= Iman Humaydan Younes =

Lebanese writer (born 1956)

Iman Humaydan (born 1956) is a Lebanese writer, researcher and creative writing professor at Saint-Denis Paris 8 University in France. She was born in the Mount Lebanon governorate in 1956. She studied sociology and Anthropology at the American University in Beirut. Between 2002 and 2006, she conducted a profound research on the Families of the Disappeared persons during the Lebanese civil war. Her research was titled " Neither Here Nor There.. Families of the Disappeared in Lebanon", and was the first in kind in the Arab World. She has published four novels:
- B as in Beirut (translated by Max Weiss)
- Wild Mulberries (translated by Michelle Hartman)
- Other Lives (translated by Michelle Hartman, 2014 ISBN 978-1566569620)
- “The Weight of Paradise" (translated by Michelle Hartman, 2016)

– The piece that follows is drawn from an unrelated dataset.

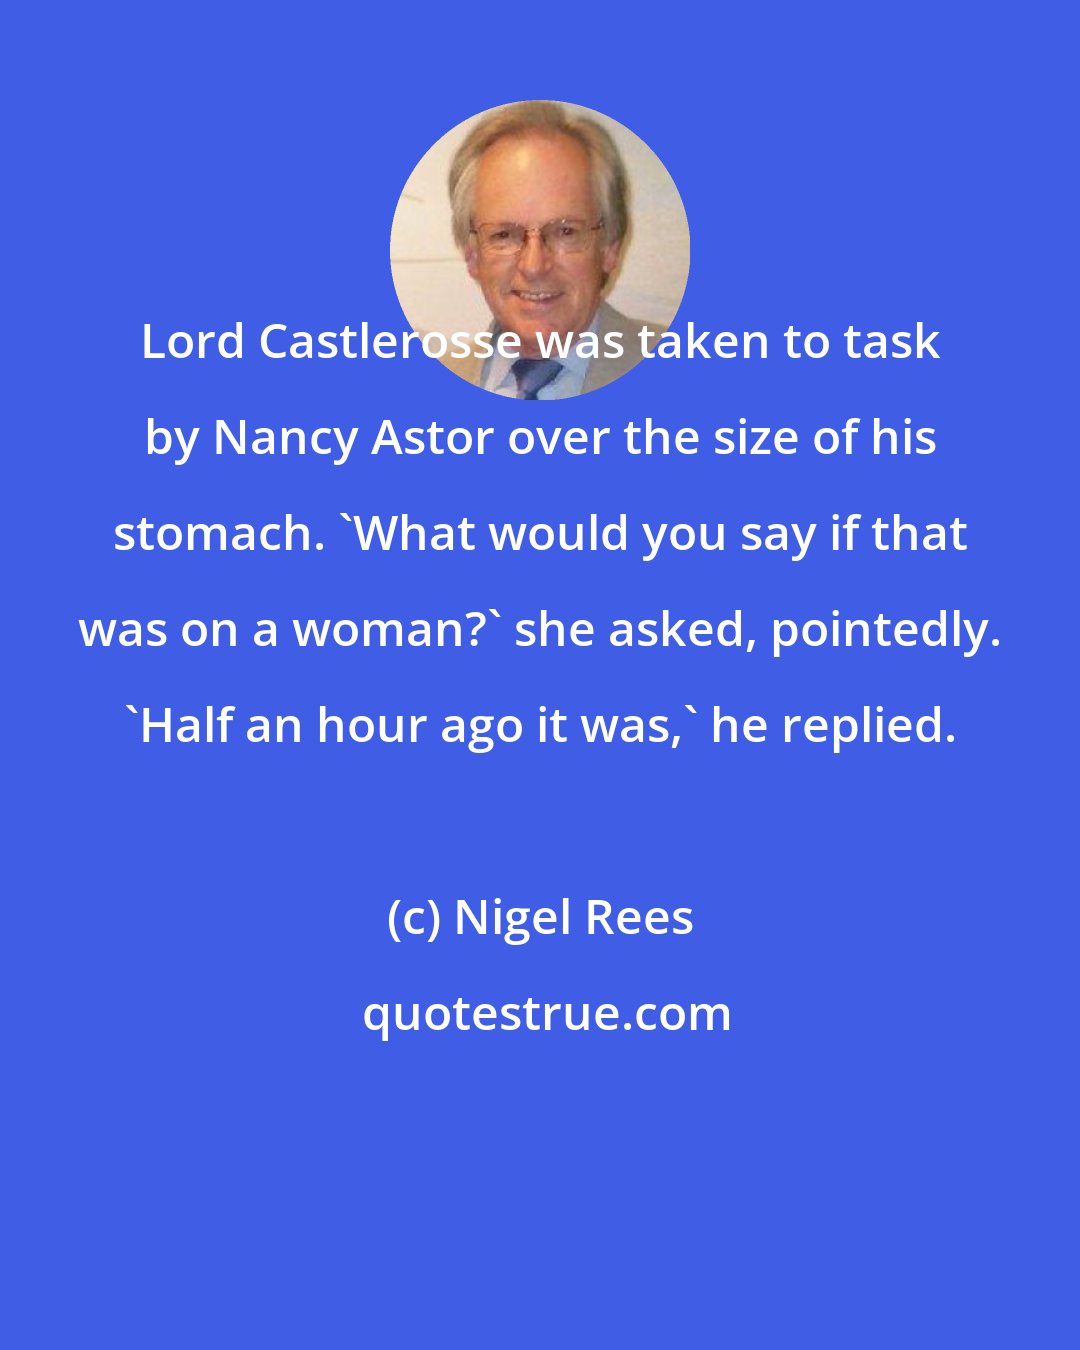 Nigel Rees: Lord Castlerosse was taken to task by Nancy Astor over the size of his stomach. 'What would you say if that was on a woman?' she asked, pointedly. 'Half an hour ago it was,' he replied.

Humaydan's novels were translated into English (Interlink Books USA), into French (Verticales, France), and into German (Lenos verlag): some of her work came out in Dutch, Italian, Armenian and Georgian.

In 2011, and in 2014, she participated in the International Writing Program's Fall Residency at the University of Iowa in Iowa City, IA.
In her work, both literary and academic, Humaydan is concerned with memories of war, and lives of women. In 2016, her fourth novel Weight of Paradise was awarded Katara Prize.

Iman Humaydan is a co founder of Pen Lebanon and its current president. She is also a board member in Pen International.